Executive Chef David Sellars and Sou Chef Scott Brown are roasting about 30 turkeys a day to get ready for what they expect will be 800 hungry visitors ranging from the down and out and the homeless to lonely people who just don’t have family around for the holidays.
Owner Dean DeLullo said everyone is welcome.
“Those who don’t have family have family here,” he said.
Sellars said it’s a team effort with FISH providing the turkeys donated by folks in the community to Nugget suppliers like Sisco Foods, U.S. Foods and others contributing.
“We’ve got to pull together to feed 800 people,” Sellars said.
Everything else is provided by volunteers DeLullo said includes the members of his family and friends from as far away as Phoenix.
He said this is the free Thanksgiving feast’s 60th year, started by the Carson Nugget’s first owner Dick Graves in 1957.
“It’s all about family and all about the community,” he said.
The Nugget donates all the labor to prepare and serve the feast.

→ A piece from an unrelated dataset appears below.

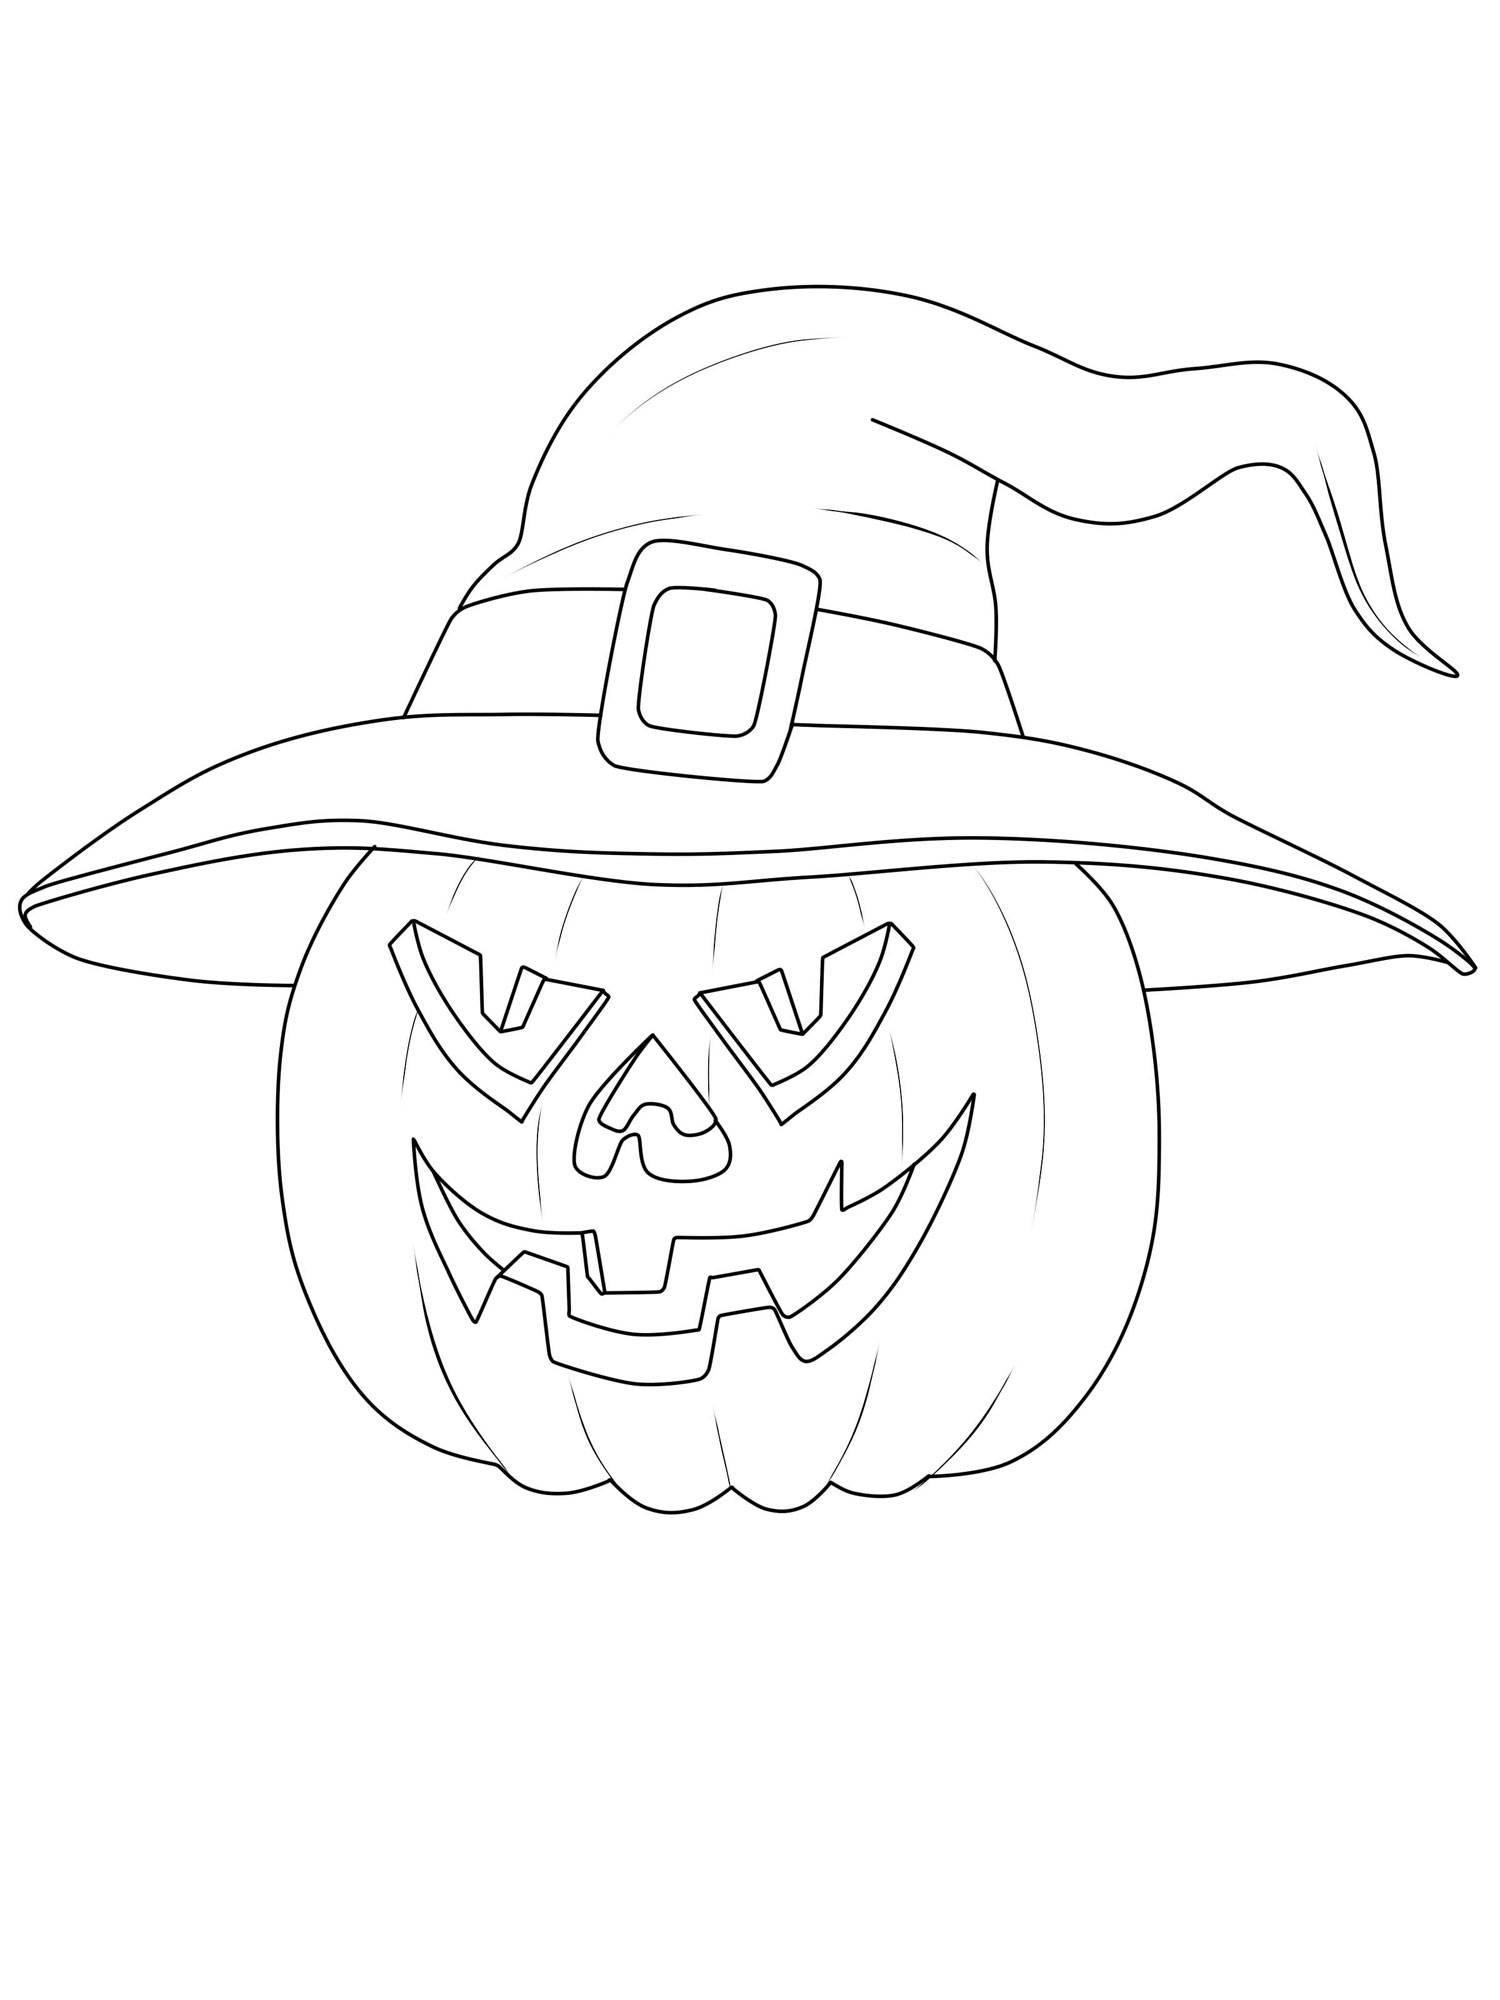 Kostenlose Malvorlage Halloween Kürbis-Hexe ausmalen zum

“I’ve owned the casino three years and have no plans to change that,” DeLullo said. “It’s always going to be here.”
He said the only Nugget tradition that predates the Thanksgiving feast is the “Awful Awful” hamburger Graves created when he opened in 1954. He said that isn’t going away either.

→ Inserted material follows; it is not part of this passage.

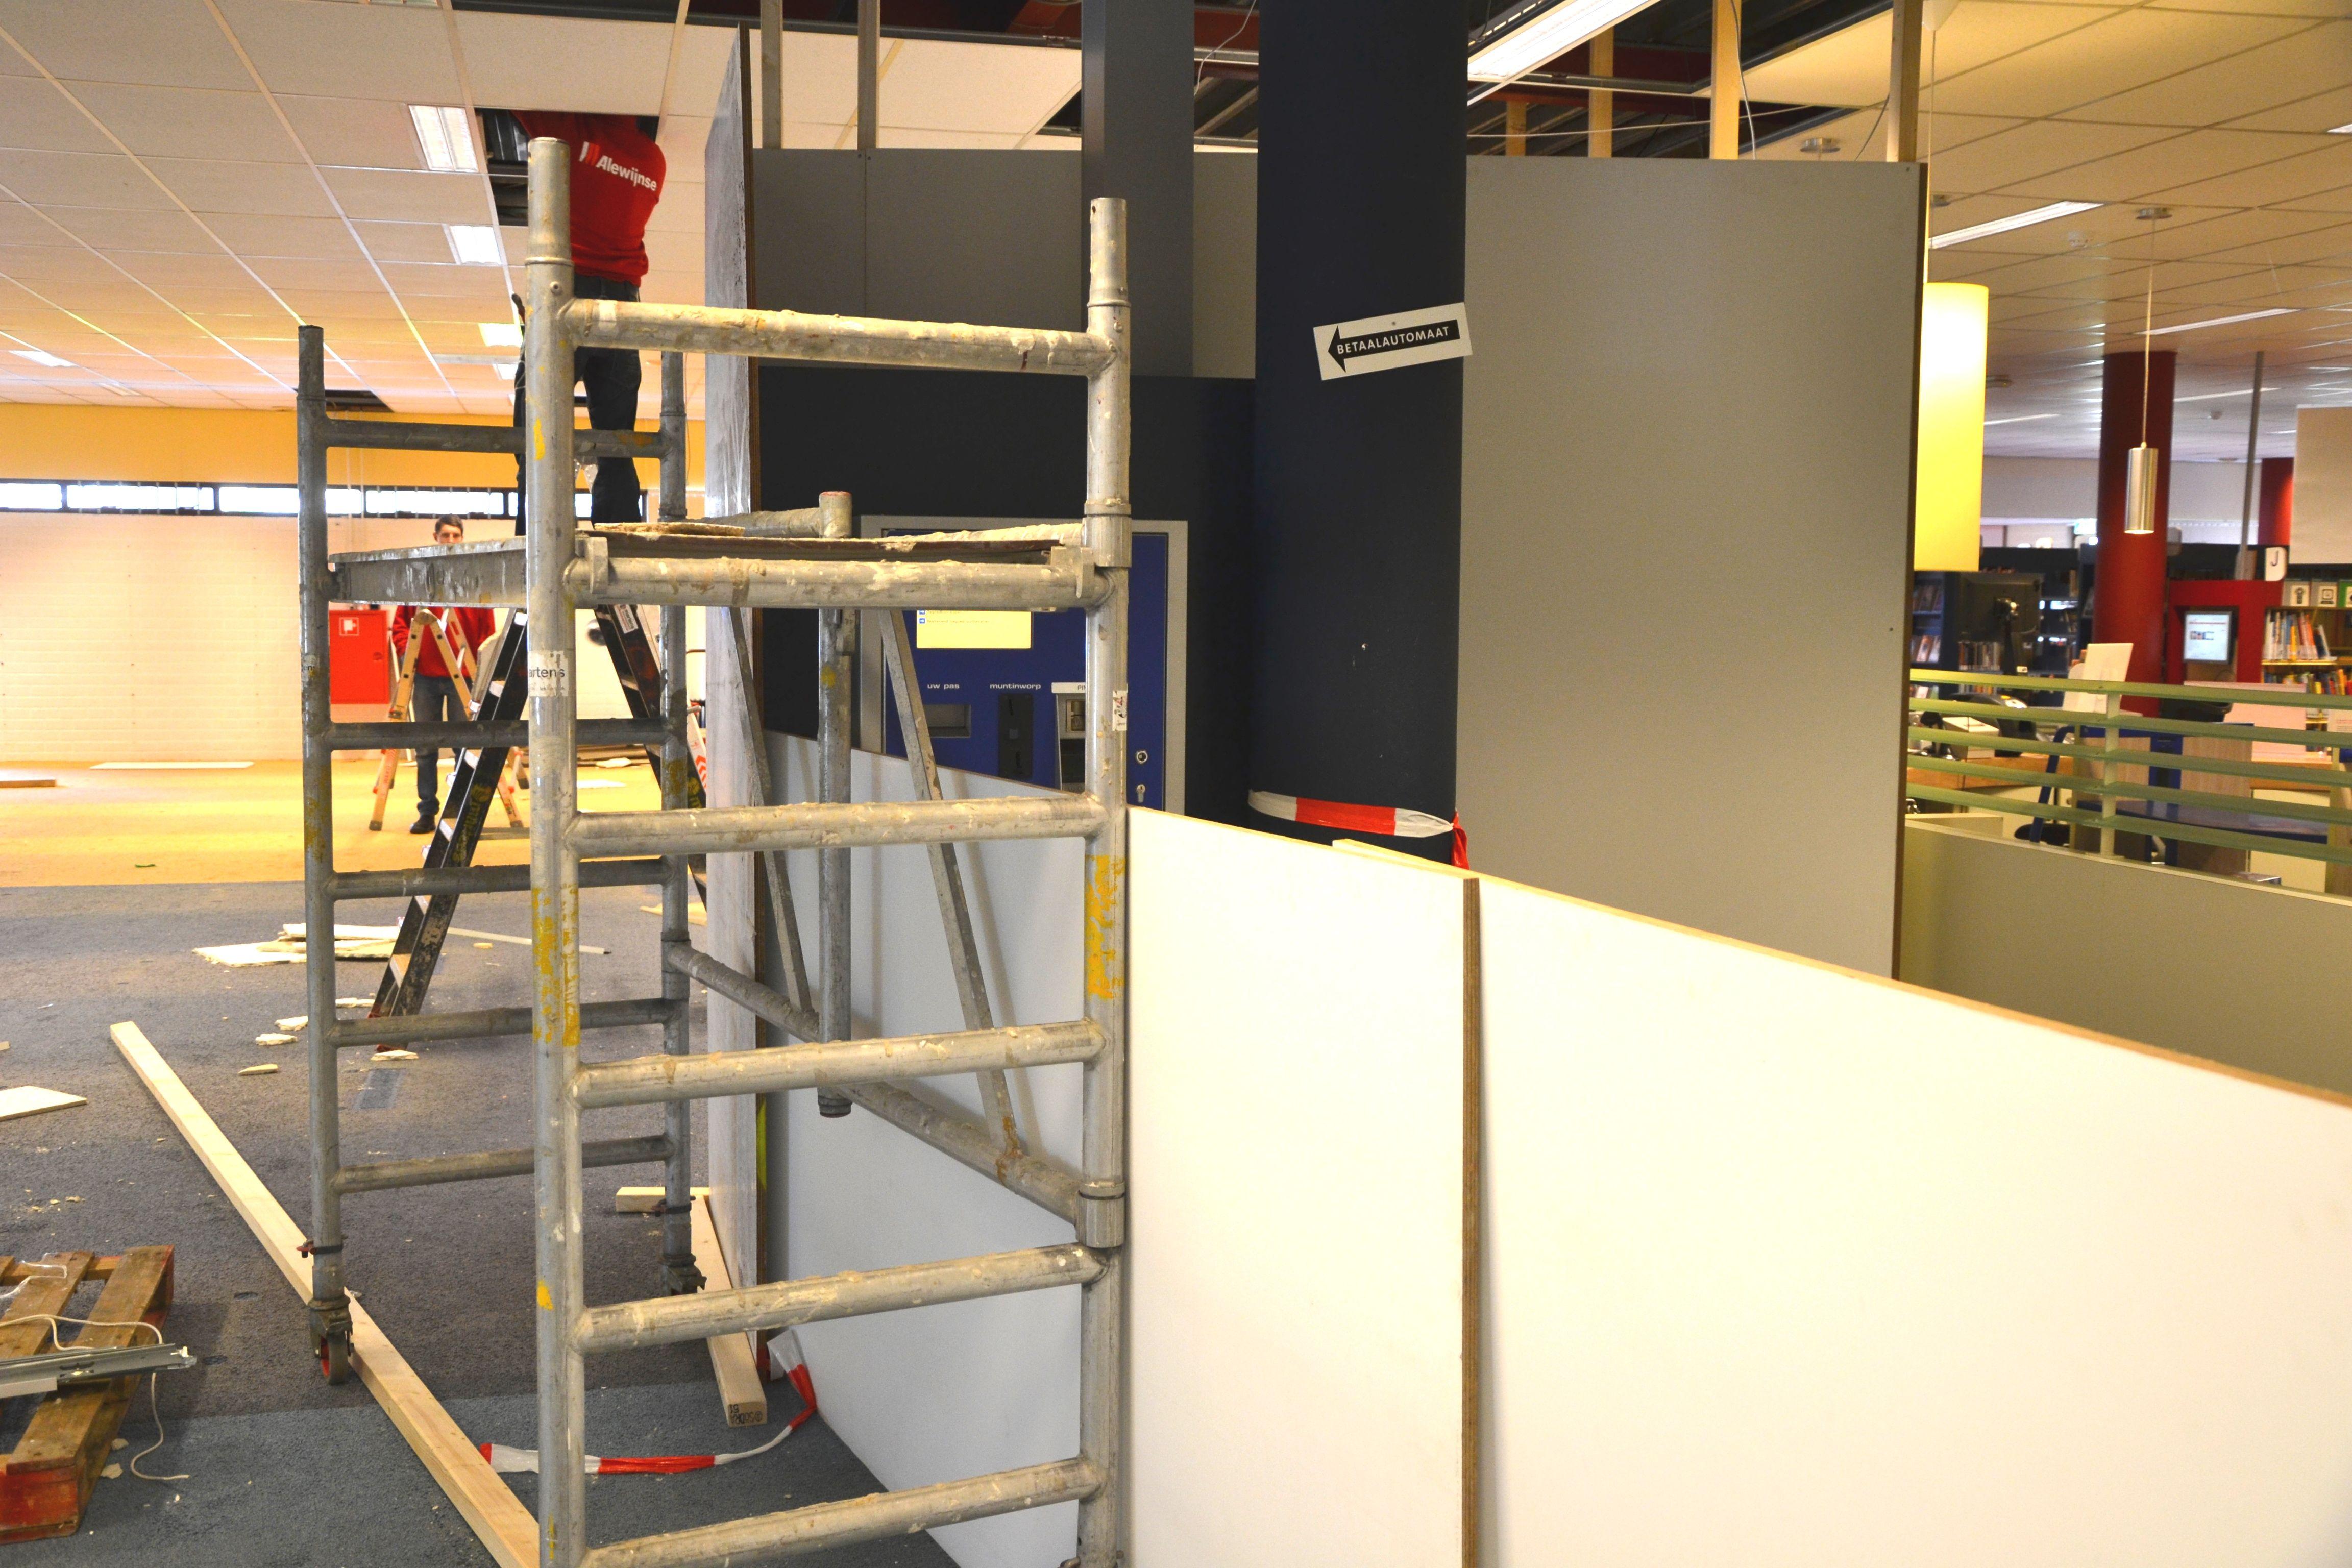 De brandbeveiliging wordt aangepast vanwege het stofschot en de nieuwe indeling van de tijdelijke bibliotheek.

Before the Nugget opens its doors to the public on Thursday, FISH will take more than 200 baskets to those people – mostly seniors – who can’t make it down to the Nugget so they too have Thanksgiving dinner.
Jim Peckham of FISH was outside collecting donated turkeys and money to cover the cost of the event from a steady stream of Carson residents arriving with donations. He said FISH is serving about 7,500 people now, down from the 10,000 the organization was handling at the height of the recession.

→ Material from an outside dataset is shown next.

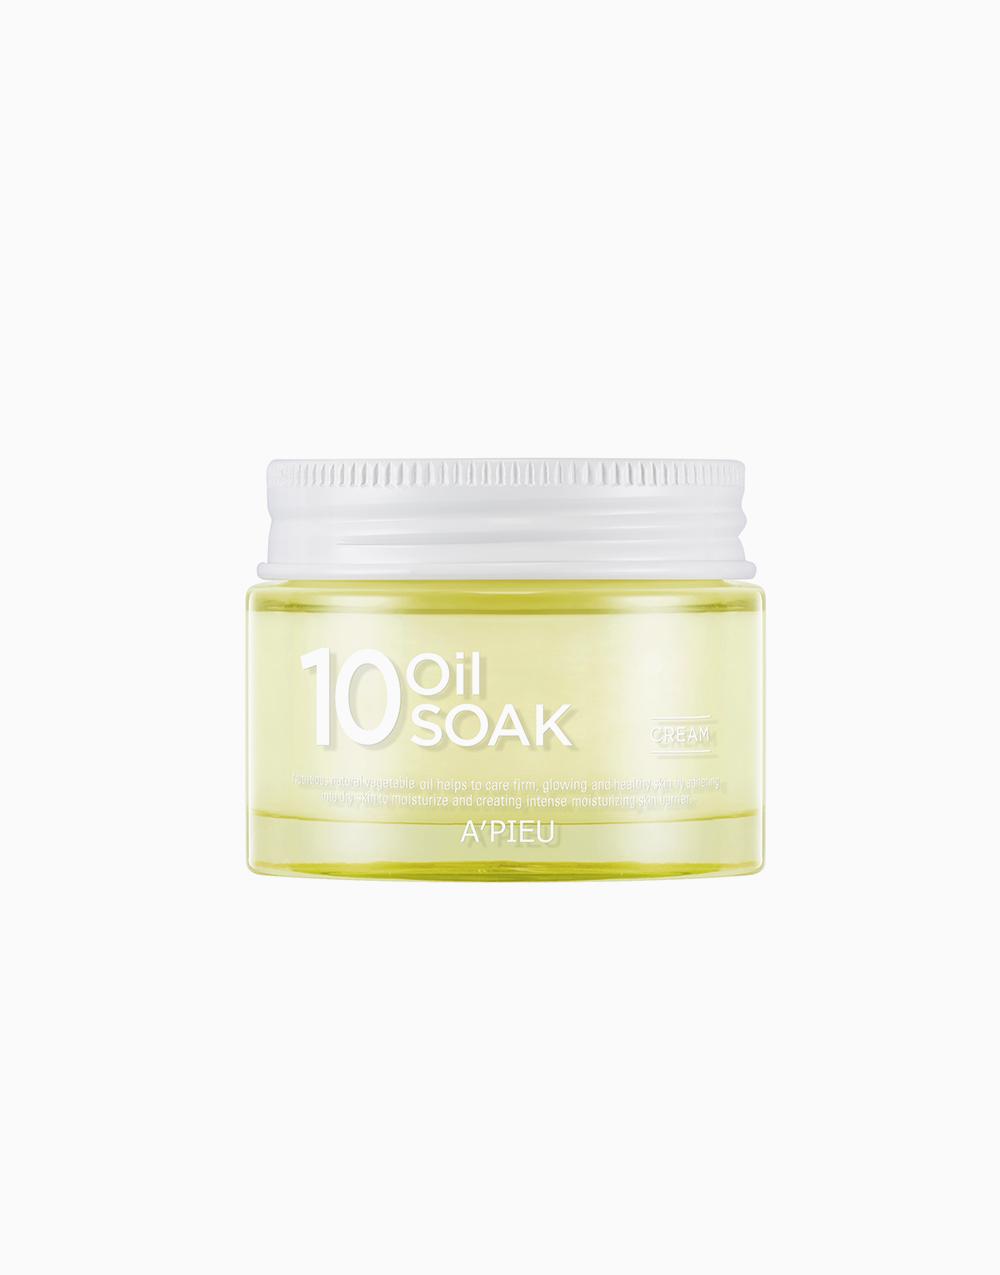 Oil Soak Cream by A'pieu

“We provide a hand up, not a hand out to people in need,” he said.
Sellars said on Thanksgiving Day, they will serve about 1,300 pounds of turkey, 200 pounds of stuffing and potatoes and about 90 pies.
Thanksgiving Day, he said, starts about 3 a.m. and, even with all the preparations, it’s a big job getting the food to table. But it’s a job he and Brown can handle. With knife in hand, he gave a demonstration, breaking down a 16-pound bird into serving pieces in a minute and 30 seconds.
To get everything ready for that day, he said, they have to start all the preparations a week ahead.
“We have a week to prepare for it and about two hours to blow it out,” he said. “Then it’s all over until next year.”